Results: Remifentanil increased the %MPE in the morphine and saline groups in both the tests; however, the increase in %MPE was attenuated significantly in the morphine group compared with that in the saline group at 60, 90, and 120 min (all P < 0.01) in the TF test and at 90 and 120 min in the CD test (all P < 0.05).
Conclusion: Our results indicate that morphine-tolerant rats exhibit cross-tolerance to remifentanil’s acute antinociceptive effects on somatic and visceral stimuli. Cross-tolerance to remifentanil should be considered in the perioperative management of patients using morphine.

Keywords: remifentanil, morphine, cross-tolerance, somatic, visceral

Introduction

Opioids are the most common and widely used drugs in the treatment of acute, chronic, and cancer pain.¹ However, long-term use of opioids may lead to analgesic tolerance and cross-tolerance to other opioids, which can cause an apparent decrease in analgesic efficacy and a simultaneous severe deterioration in the quality of life of patients.² Therefore, the emergence of opioid tolerance and cross-tolerance is a serious medical problem among patients with long-term opioid use.

Opioid tolerance has been extensively studied, and many studies have elucidated the characteristics of opioid tolerance, including its onset, time course, and magnitude.³ However, studies about cross-tolerance on analgesic effects between opioids used intraoperatively are limited. Some clinical reports have indicated that the long-term use of opioids before surgery increases the dosage of opioids used intraoperatively.^4,5 In the perioperative setting, opioid cross-tolerance may diminish analgesic effectiveness during surgery in patients with long-term opioid use; therefore, acute pain management for these patients has been a clinical challenge.⁶ Remifentanil is ultra-short-acting and good at regulation, enabling hemodynamic stability and rapid recovery with minimal side effects,⁷ which leads to its frequent use intraoperatively.
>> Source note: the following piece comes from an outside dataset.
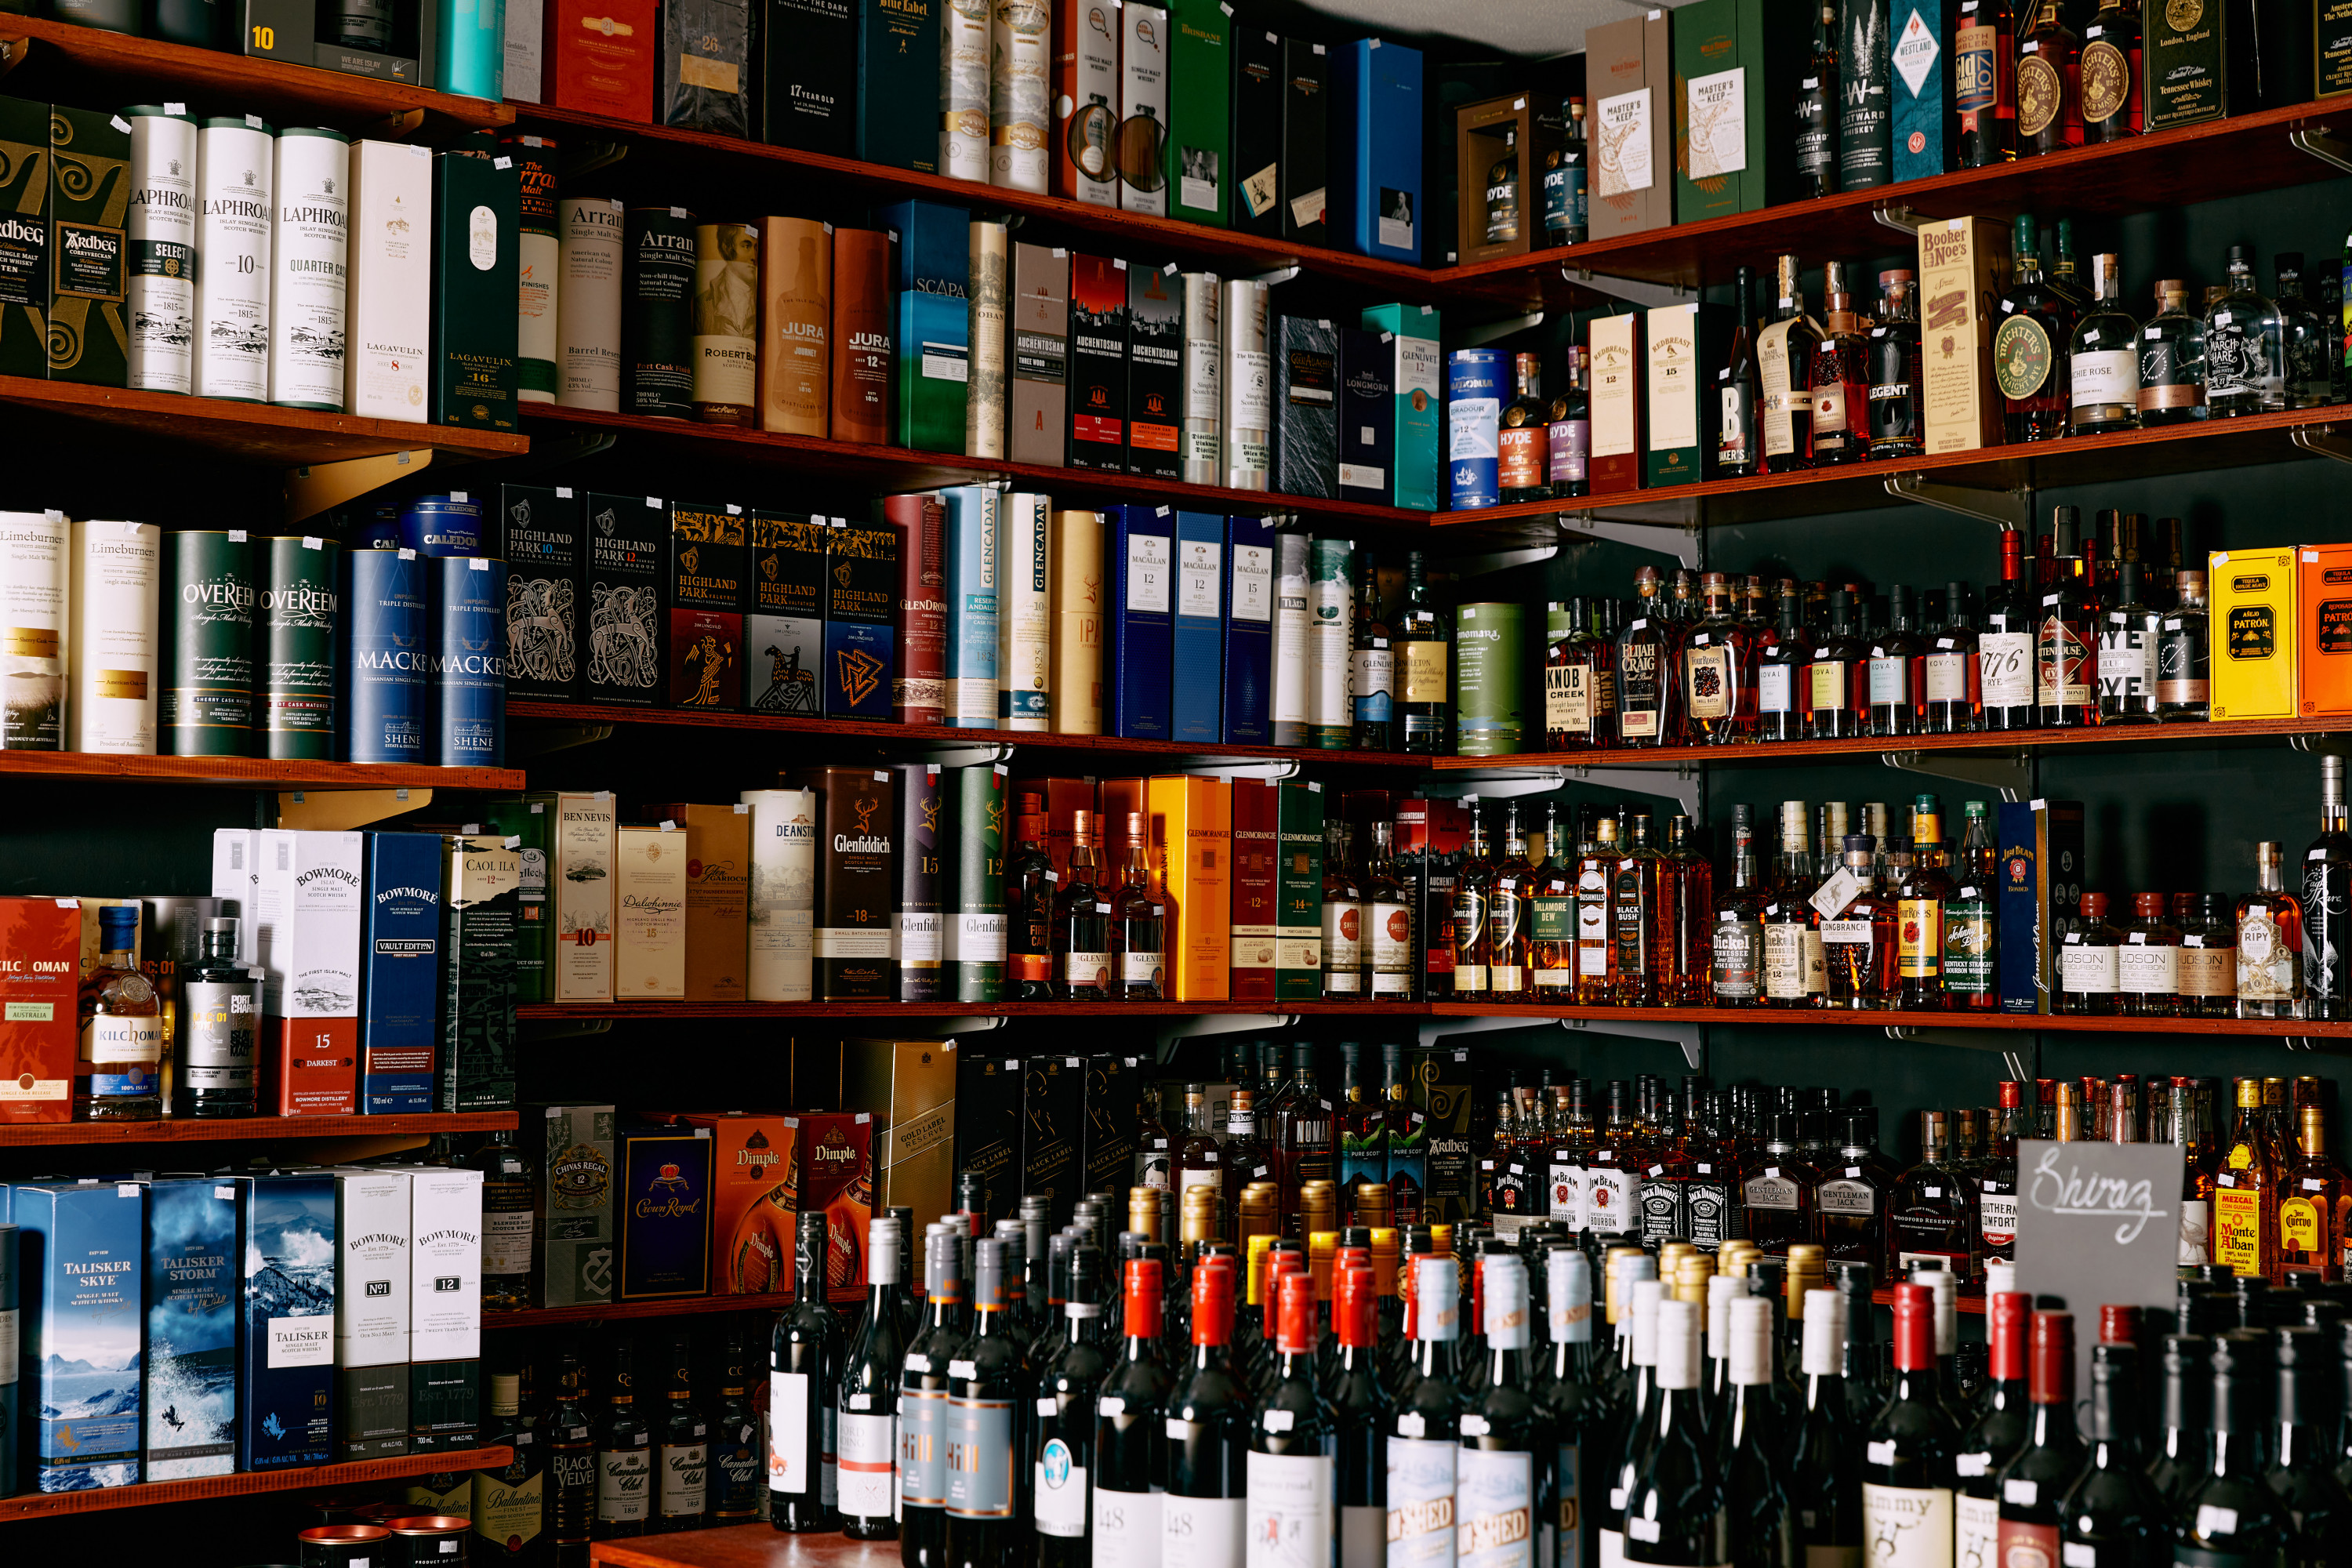 A shelf full of fine liquor.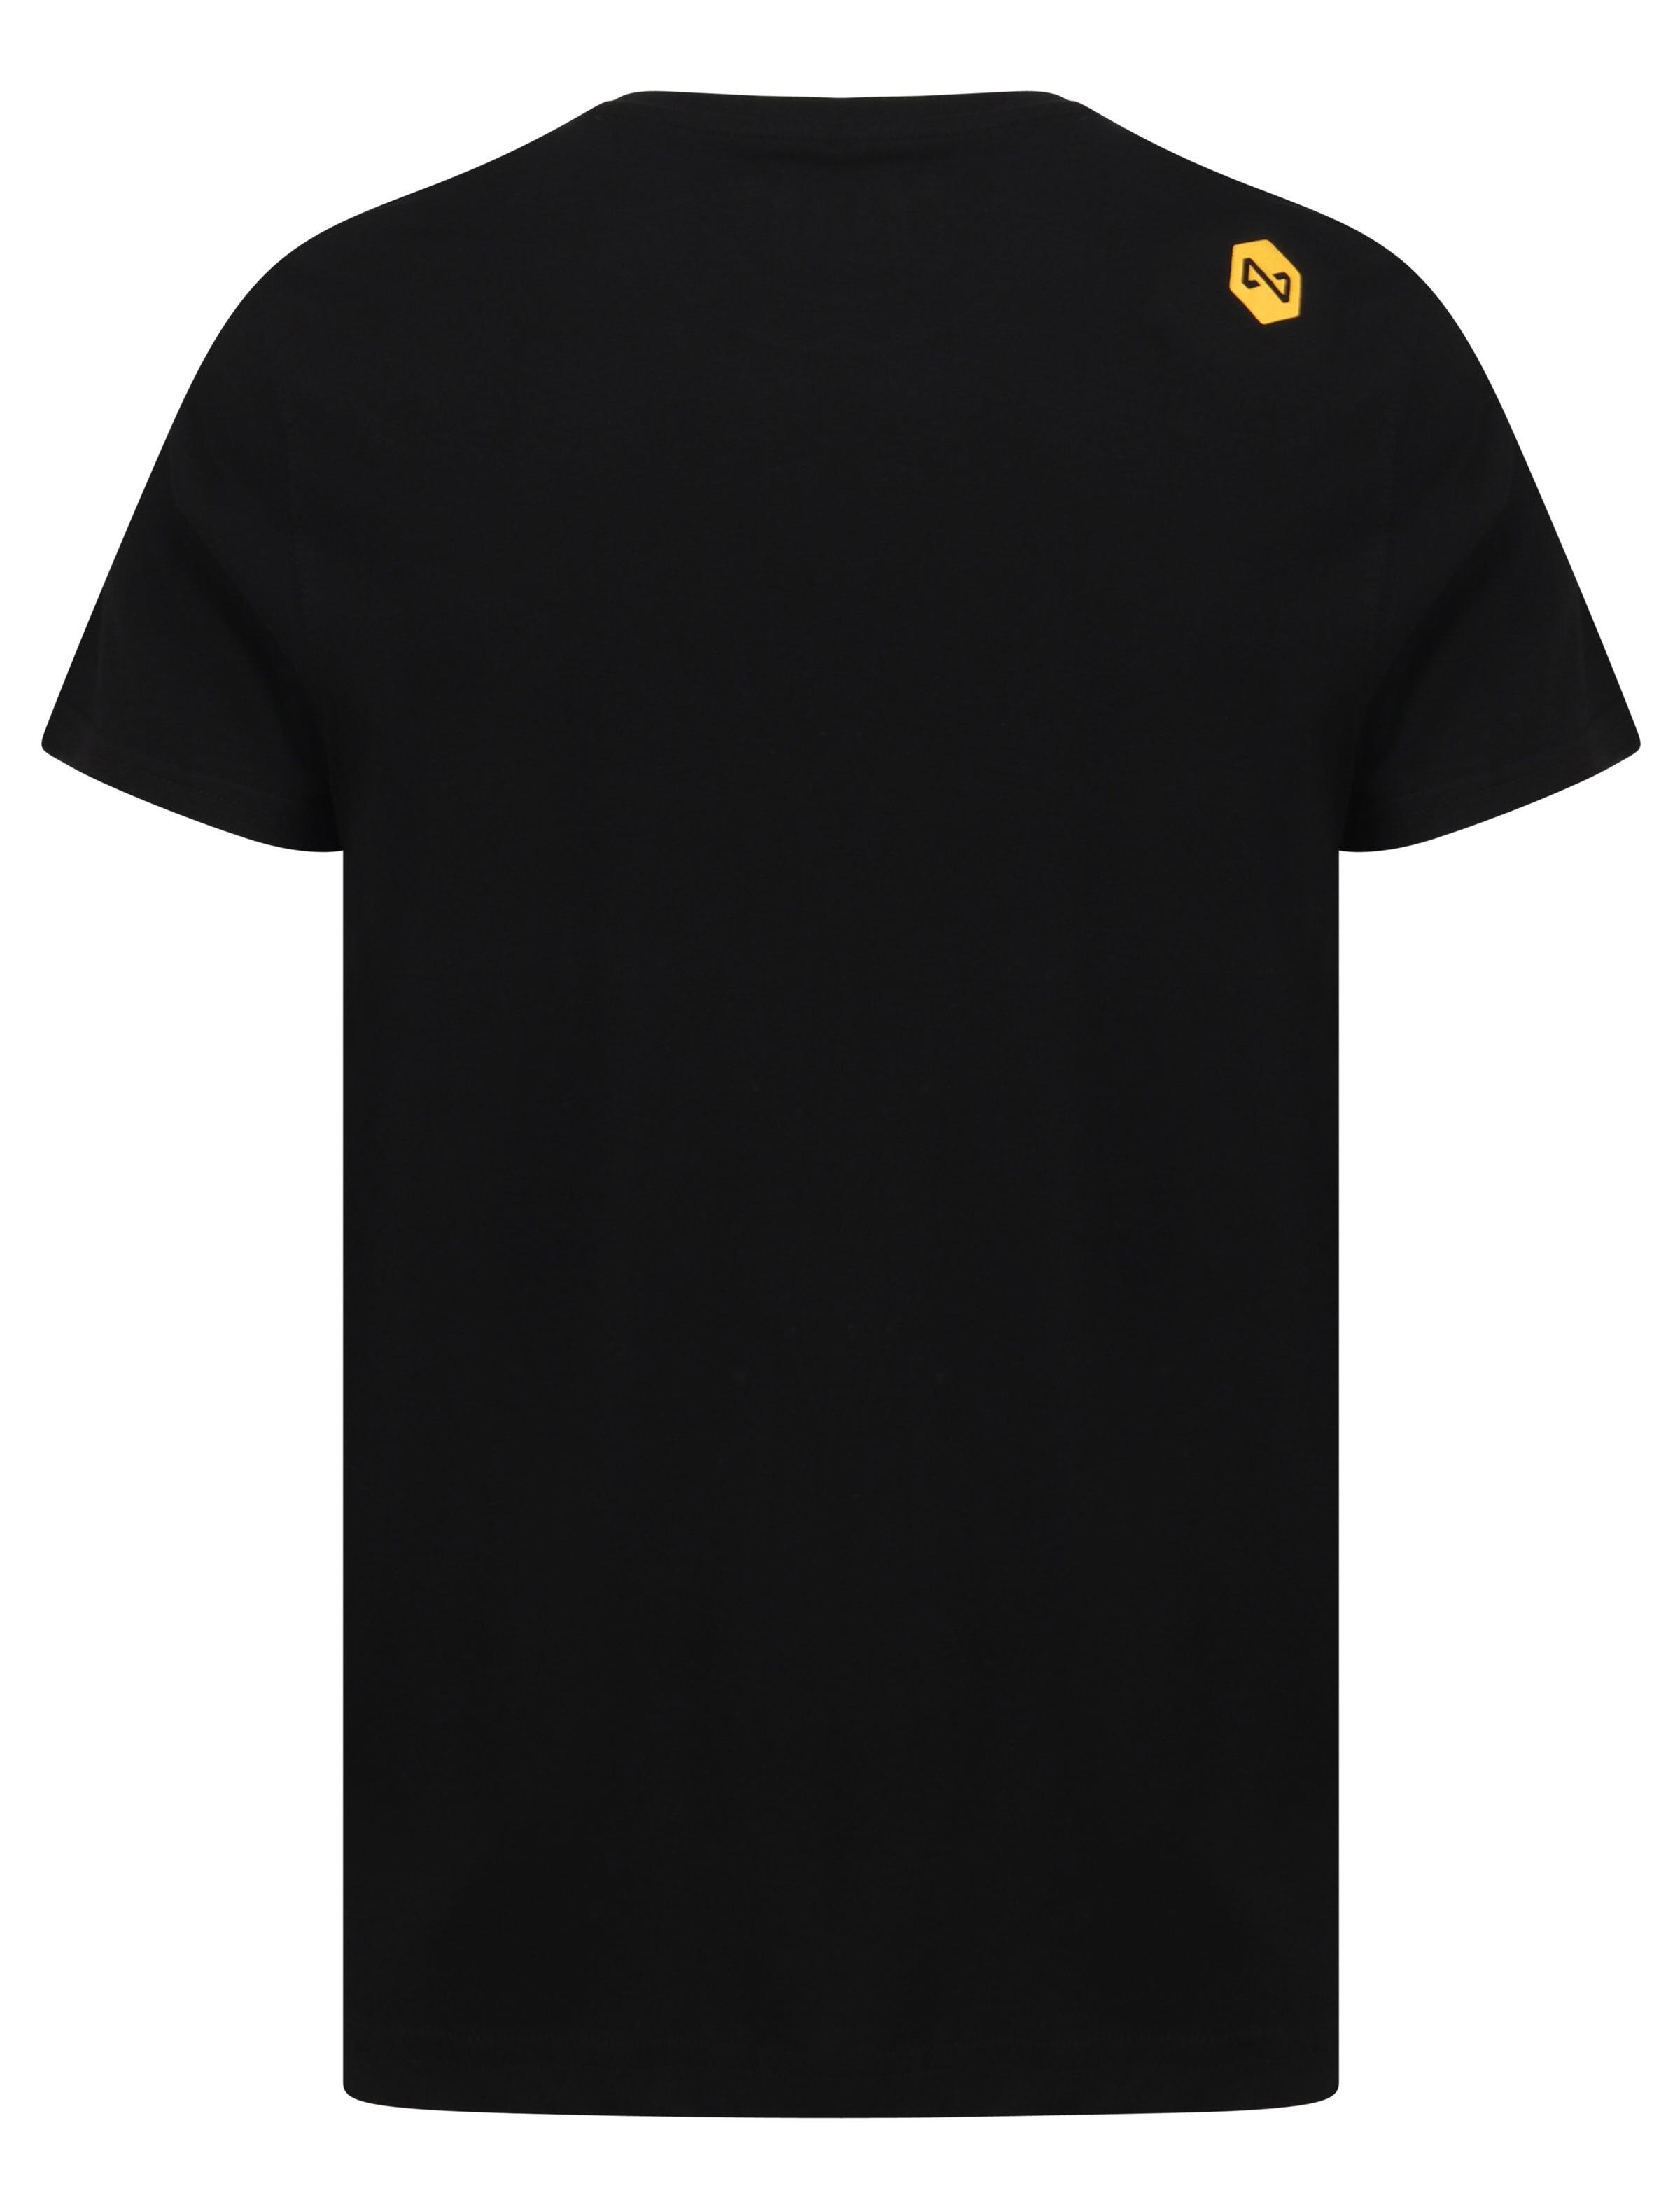 Kurt Black T-Shirt 2/4

Several studies have demonstrated that remifentanil is also associated with acute analgesic tolerance,^8,9 and a few clinical studies have suggested that preoperative long-term opioid usage causes cross-tolerance to remifentanil antinociceptive effects.¹⁰

Nociceptive pain can be classified into somatic and visceral types. Recently, it was reported that visceral and somatic pain differ in many neurobiological mechanisms that mediate sensation.¹¹ A key point of anesthesia management is to consider the pain pathway arising from somatic or visceral. However, previous studies on opioid tolerance mainly focused on somatic pain. Only a few studies have examined the development of opioid tolerance to visceral antinociception caused by long-term opioid use;¹² therefore, further research is warranted.

Information on cross-tolerance from opioids used preoperatively to remifentanil administered intraoperatively is vital for analgesic management in the perioperative period. However, there is limited information about cross-tolerance to remifentanil, especially in visceral pain. Morphine is a commonly used opioid preoperatively. Therefore, this study aimed to examine cross-tolerance from morphine to remifentanil antinociceptive effects, especially the difference between somatic and visceral tolerance, using morphine-tolerant rats.

Materials and Methods

Animals

All experiments were approved by the Animal Care and Use Committee of Shimane University (approval no. IZ27-128) and complied with the Guide for the Care and Use of Laboratory Animals of Japan.

Male Sprague-Dawley rats weighing 200–250 g (CLEA Japan, Tokyo, Japan) were used in this study. They were housed in individual cages and maintained on a 12-h light and 12-h dark cycle at 24 ± 1°C and provided free access to food and water. The rats were acclimatized to the cage and experimental environment for 4 days before the experiments. We randomly assigned 12 rats to the morphine and saline groups (n = 6 per group). Figure 1 illustrates the experimental schedule. The exclusion criterion was only weight loss. If the rats lost more than 20% of their body weight due to eating or drinking disorders compared with that at the beginning of the experiment, they were excluded and euthanized.

Figure 1 Timeline of the experimental schedule.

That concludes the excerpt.